Wnt is a secreted protein that activates a cascade of events that stabilizes nuclear β-catenin, which operates as a powerful co-transcription factor of gene expression. Importantly, β-catenin along cannot activate the expression of Wnt target genes without co-transcription factors.
There are four Wnt co-transcription factors Tcf1 (Tcf7), Lef1, Tcf3 (Tcf7l2), and Tcf4 (Tcf7l2). These co-transcription factors modulate the functional outcome of Wnt signaling by binding to different target genes (Adam et al., 2018; Nguyen et al., 2009; Yu et al., 2012).

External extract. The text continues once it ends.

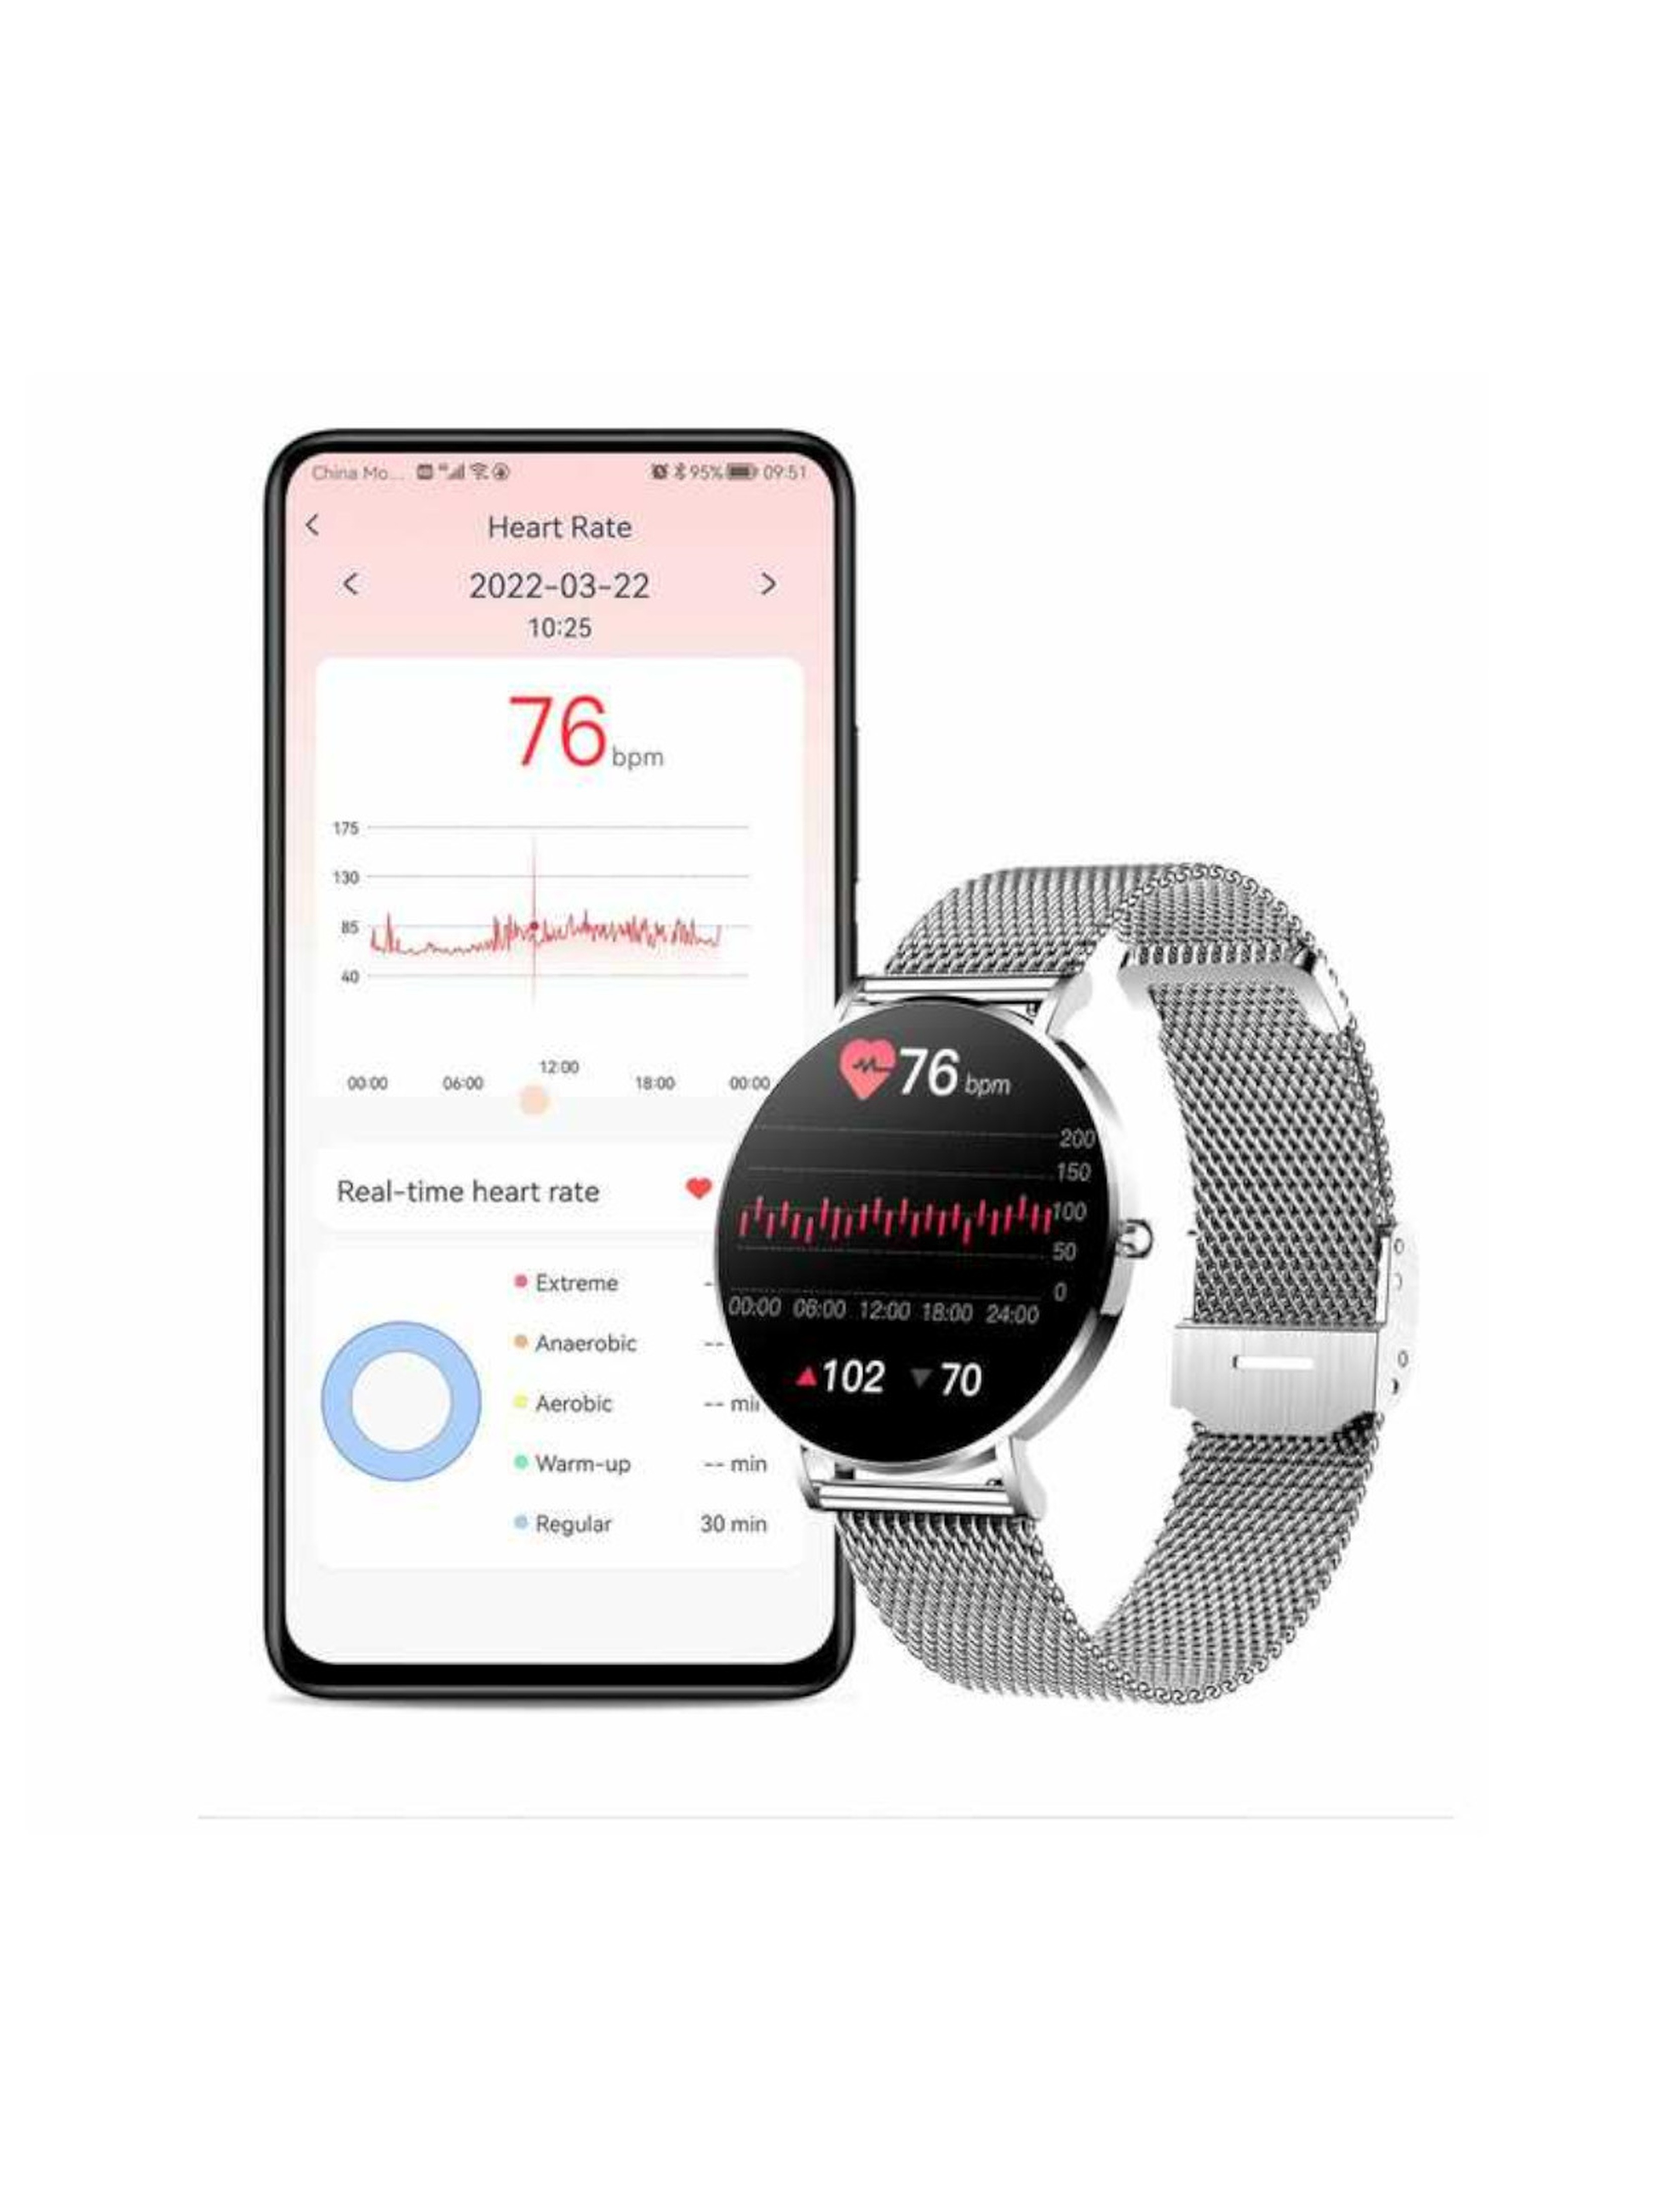 Smartwatch zegarek damski Manta Alexa - srebrny + czarny pasek

In the context of wound healing and regeneration, it is not known how differential expression of Tcf/Lef can modulate fibroblast activity via Wnt signaling.
Since it has been shown that embryonic and neonatal skin have the potential to regenerate hair follicles upon wounding (Hu et al., 2018; Rognoni et al., 2016), we set out to identify the cell types and molecular factors that define this ability in order to transfer this regenerative potential to adult tissue. Our work has identified Lef1, as the factor in fibroblast of developing skin, that can transform adult tissue to regenerate without harmful phenotypes.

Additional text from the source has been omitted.